The nostalgic dustup comes as NASA prepares for the 2013 launch of the Lunar Atmosphere and Dust Environment Explorer (LADEE), a lunar satellite whose instruments could resolve whether such charged particles exist and how they move above the moon. Many of the participants will face off at next month’s 4th NASA Lunar Science Forum at Ames Research Park in California.

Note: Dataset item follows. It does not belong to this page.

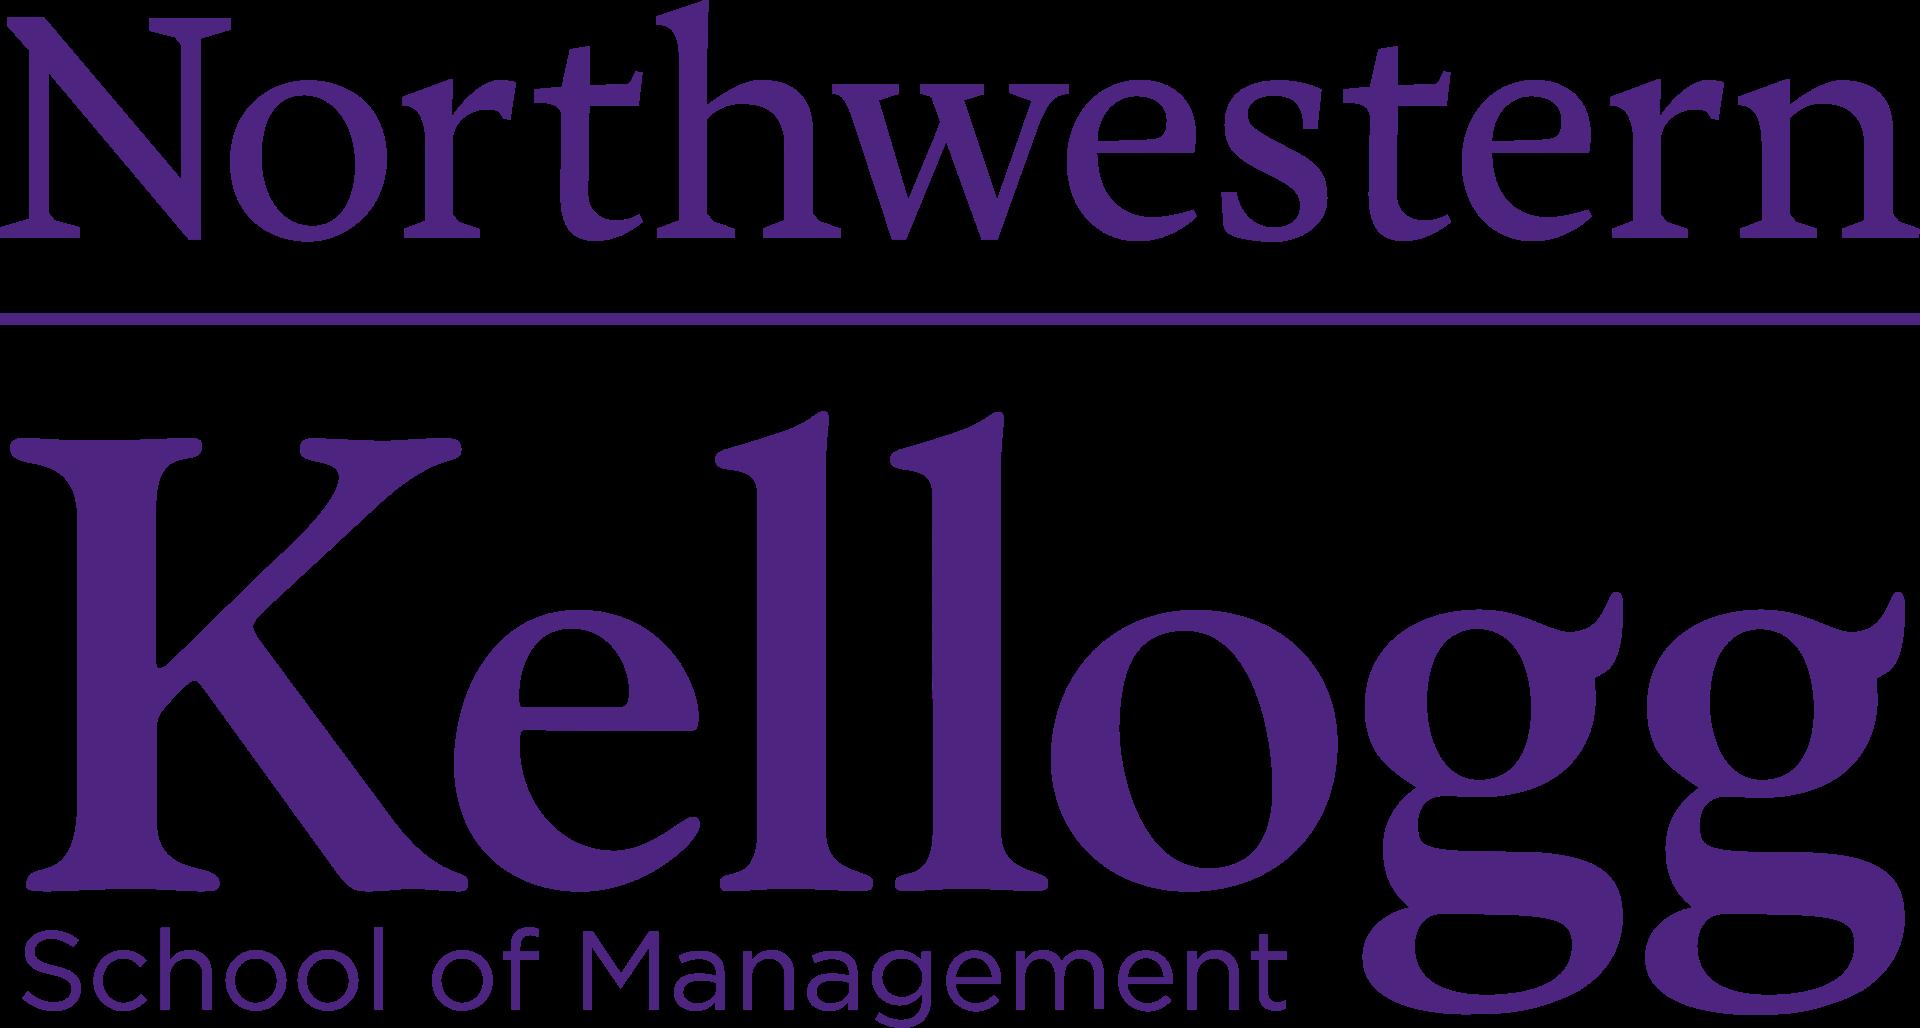 kellogg school of management Kellogg school, National
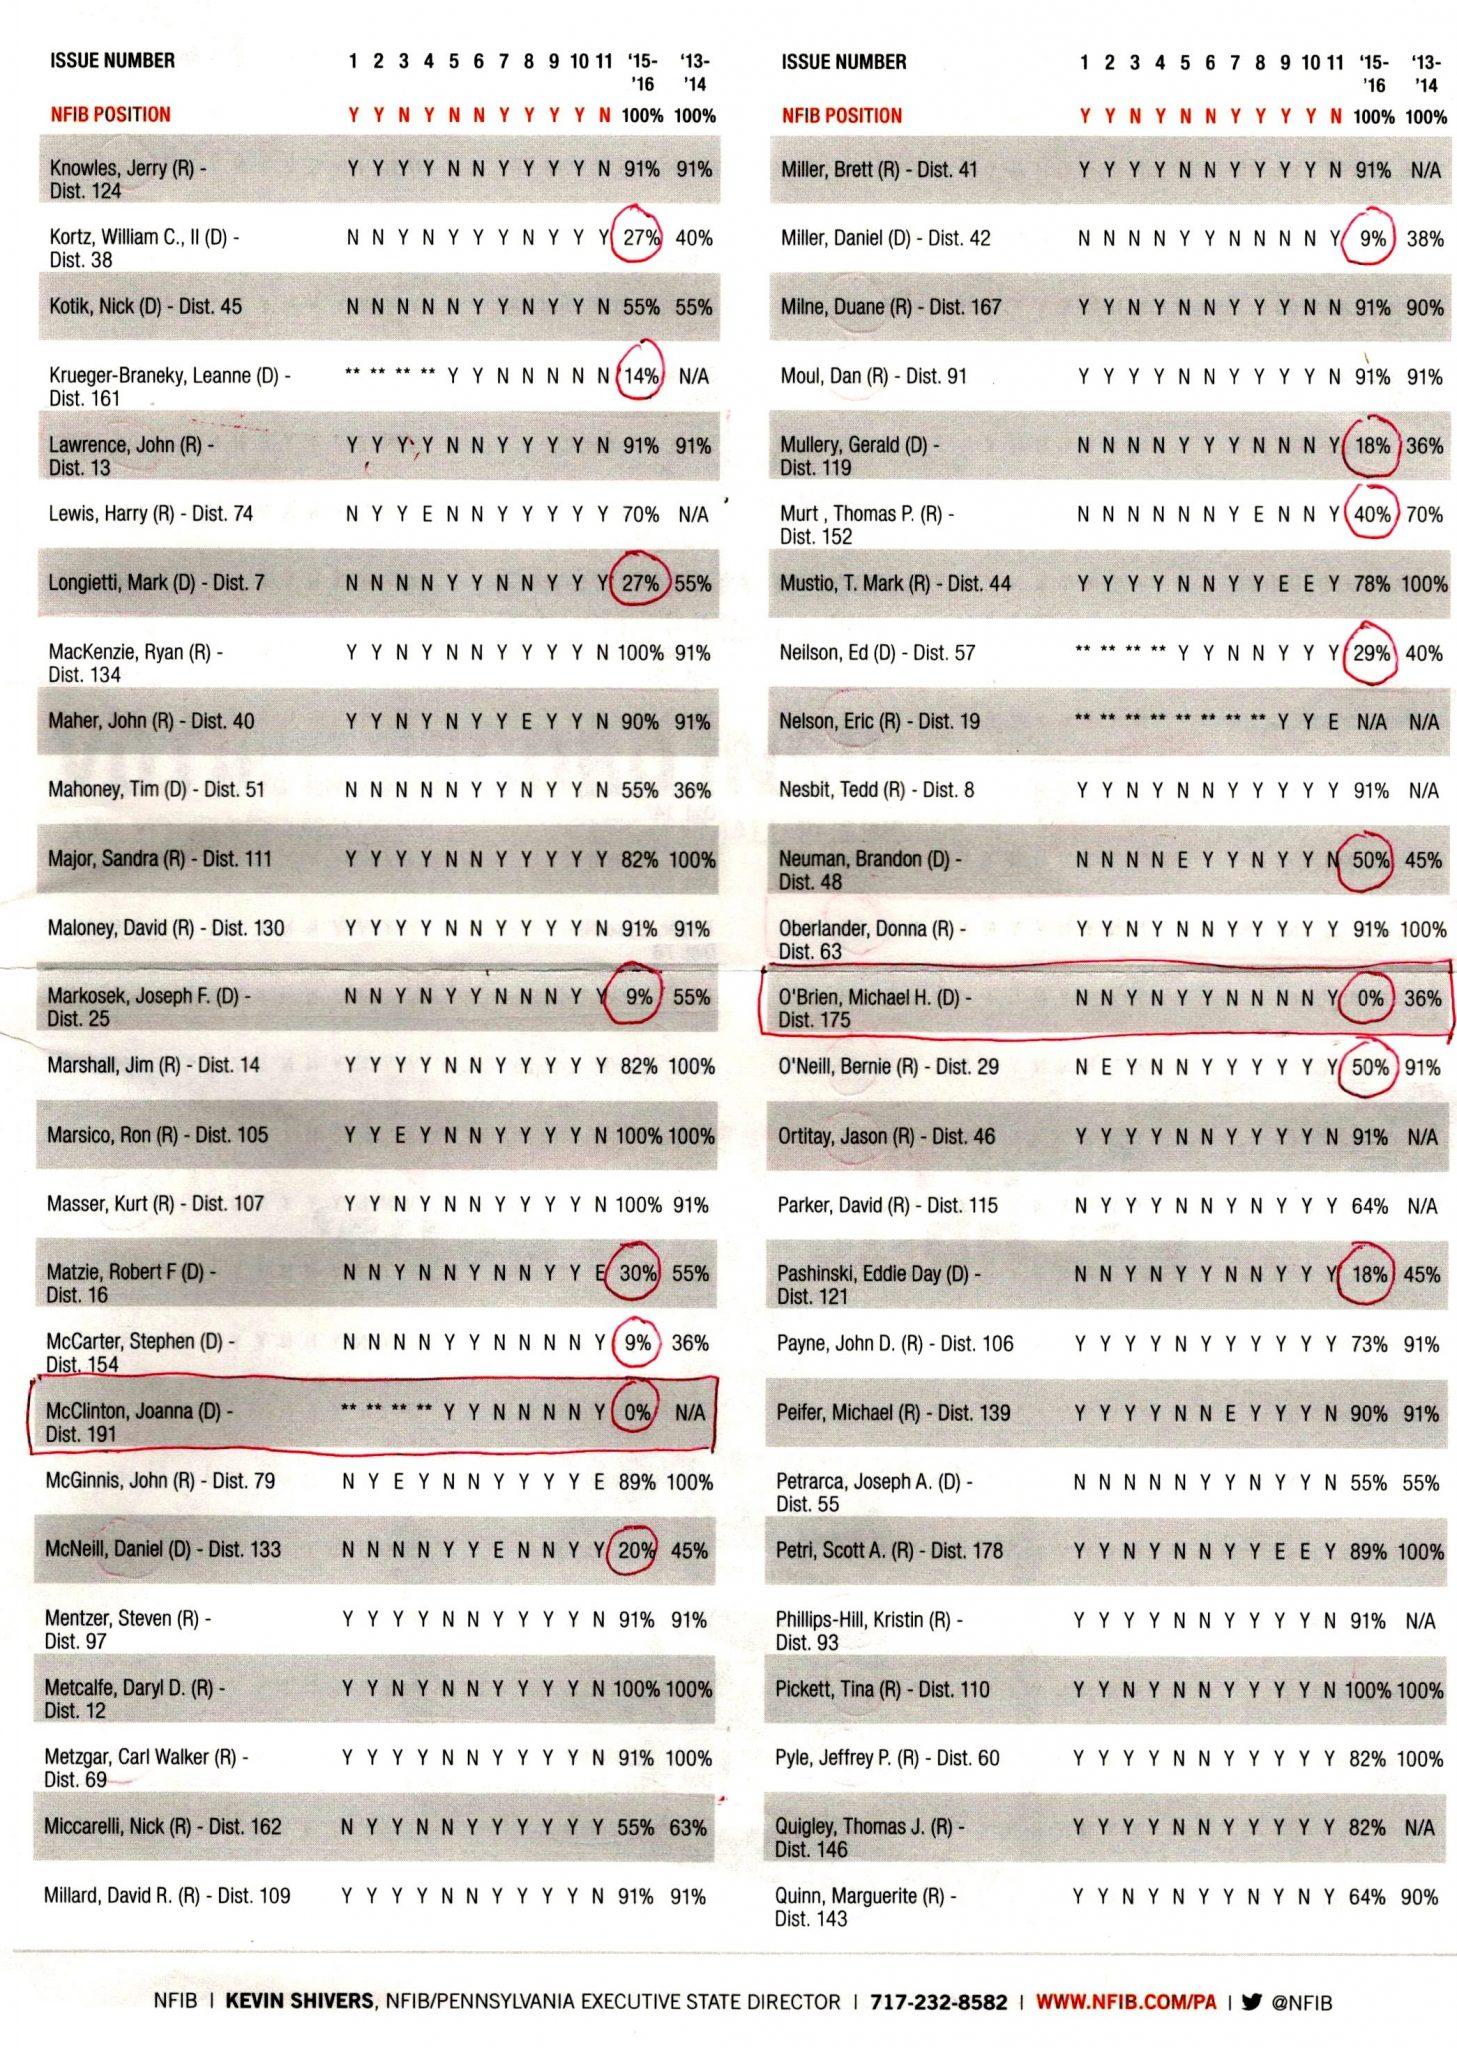 nfib-2016-pa-voting-record-5

Lunar dust, and dust on other rocky planets and asteroids, is important to space exploration for several reasons. Researchers who count craters on airless, waterless bodies or analyze the chemistry of their rocky surfaces to try to estimate their age and composition need to know how much dust is flying around to calibrate measurements, says physicist Eberhard Grün of the Max Planck Institute for Nuclear Physics in Heidelberg, Germany, and the University of Colorado, Boulder. Dust creates practical problems, too. Surveyor 3, a robotic lander sent to the moon in 1967, showed signs of serious dust abrasion when it was collected 2 years later by Apollo 12 astronauts. Dust also darkened the moon explorers’ suits, heating them beyond the cooling systems’ capacity, and the particles’ sharp, glassy edges caused leaks in the suits.
NASA designed the LEAM experiment, installed near the Apollo 17 landing site in December 1972, to detect a predicted continual rain of fast-moving micrometeorites and the fine lunar dust they kicked up upon impact. Yet LEAM recorded the most activity at lunar sunrise or sunset. The types of events recorded were odd as well: They saturated the instrument’s sensors and lasted longer than they should have if caused by fast interplanetary particles.
Lunar scientists later concluded that LEAM was seeing slow-moving charged dust particles close to the ground. Perhaps as sunlight struck the moon and charged some dust particles but not neighboring ones still in the shade, the difference in electrical charges would drag lighter particles around the surface or even into the sky, they hypothesized. If such particles also floated kilometers higher, then the LEAM data might support the idea that the horizon glow was lunar dust.
But in his new paper, O’Brien, who was at Rice University in Houston, Texas, at the time of the Apollo missions, questions whether the LEAM data represent dust. For example, he says that too many of the unexpected signals arrive in well-ordered bursts to be from slow-moving, charged dust. He also points to reports of electrical interference in preflight laboratory tests of the instrument. Instead, O’Brien writes, the signals captured by LEAM occurred when ALSEP turned on or off the electricity for the heaters it needed to survive the lunar nights.